Bon, maintenant je t’explique un peu mieux de quoi il retourne. On a affaire à un jeu d’aventure en point and click, c’est à dire qu’il est jouable uniquement à la souris, et que, dans des décors en 2D, il suffit de cliquer sur ce que l’on voit à l’écran pour jouer. Et justement, il va falloir cliquer pour aider un petit robot, Joseph, à avancer dans son périple. Dans des décors de toute beauté, on le fait évoluer dans un monde de petits robots, empreint de poésie. Chaque écran de jeu fourmille de détail, et est particulièrement soigné, retranscrivant avec soin un univers mécanique, fait de récup’ et de ferraille. Et je te préviens tout de suite, pas d’humain à l’horizon !

machinarium_plazaJe te l’avais bien dit, que c’était très bien fait visuellement.

Oui mais alors, quel est le but du jeu ? C’est simple, tu progresses dans le scénario (très simple, mais bien amené) en résolvant des énigmes et autres casse-tête. Ça va du triturage de manivelle assez simple à une partie de morpion bien plus compliquée et prise de tête, en passant par quelques analyses de situations pour savoir quoi faire, et quand…on a vraiment de quoi s’occuper, puisque les énigmes s’enchainent assez rapidement, sans que trop d’aller-retour lourdingues dans les décors soient nécessaires.

En parlant des déplacements de notre petit robot, on ne peut pas dire que ce soit du rapide, mais c’est aussi le propre de ce genre de jeu d’avoir un aspect plus contemplatif. Il dispose néanmoins de quelques mouvements sortants de l’ordinaire, puisqu’il est capable de s’étirer ou de rétrécir comme un accordéon, pour atteindre certains endroits où il ne peut pas aller en temps normal. (ça fait sexouel, cette phrase…).
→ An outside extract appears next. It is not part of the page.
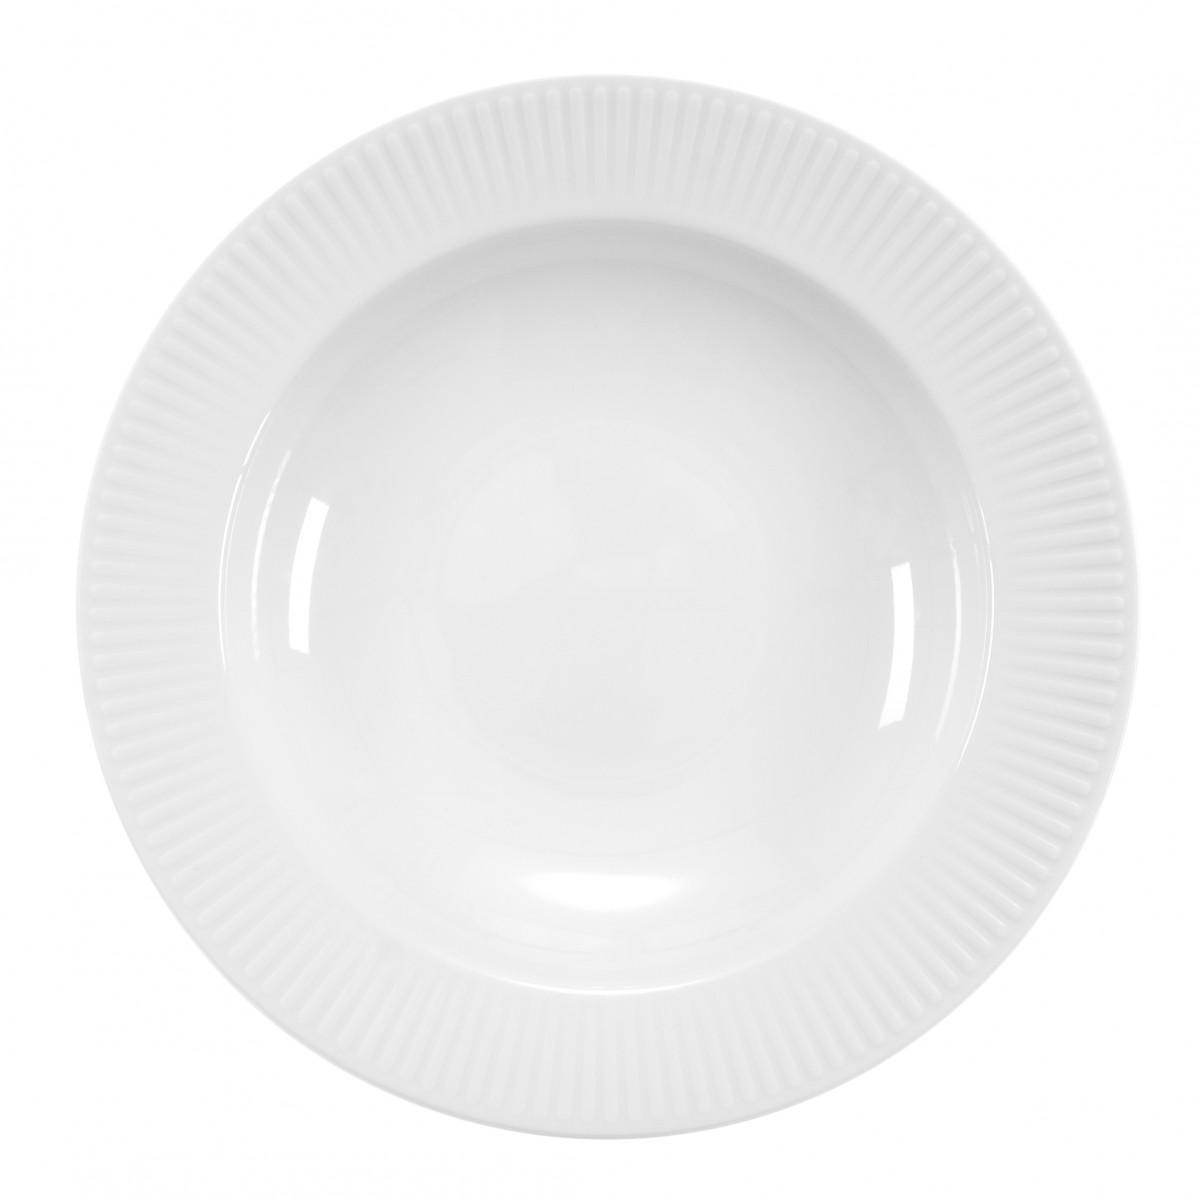 BODUM Douro pastatallerken, dia. 28 cm, porcelæn, hvid 4 stk.

Bref, c’est un petit point, certes, mais original ! Notre robot ramasse également quelques objets dont il aura plus tard besoin pour résoudre certaines énigmes. Il ouvre alors sa tête pour les mettre à l’intérieur : mignon !

Je ne peux terminer mon petit test sans prétention sans te parler de la durée de vie du jeu : je l’ai pour ma part fini en cinq heures environ, ce qui est devenu la norme pour ce type de jeu indépendant et peu onéreux. Je pense que si tu n’es pas un habitué du genre (aventure-réflexion) tu peux rajouter quelques heures à cette durée.

Oh, et j’ajouterai encore que ce n’est pas seulement l’aspect visuel qui a été particulièrement soigné ; la musique, en parfaite harmonie avec la thématique abordée et les décors, est très originale et apporte un fond sonore agréable et inhabituel. De plus, la bande-originale est incluse lors du téléchargement du jeu (en mp3).

En conclusion : un « petit » jeu très agréable sur PC, soigné jusque dans ses moindres détails, et disposant d’énigmes originales et sympathiques, qui nous tiendront en haleine quelques heures, à un prix abordable. (Dois-je rappeler qu’un jeu sur console de salon coûte maintenant en moyenne 65 euros ?)

Note : les menus du jeu sont en anglais, mais il n’y a aucun dialogue ni écrit PENDANT le jeu, tout est expliqué par schémas ou images, de manière très compréhensible.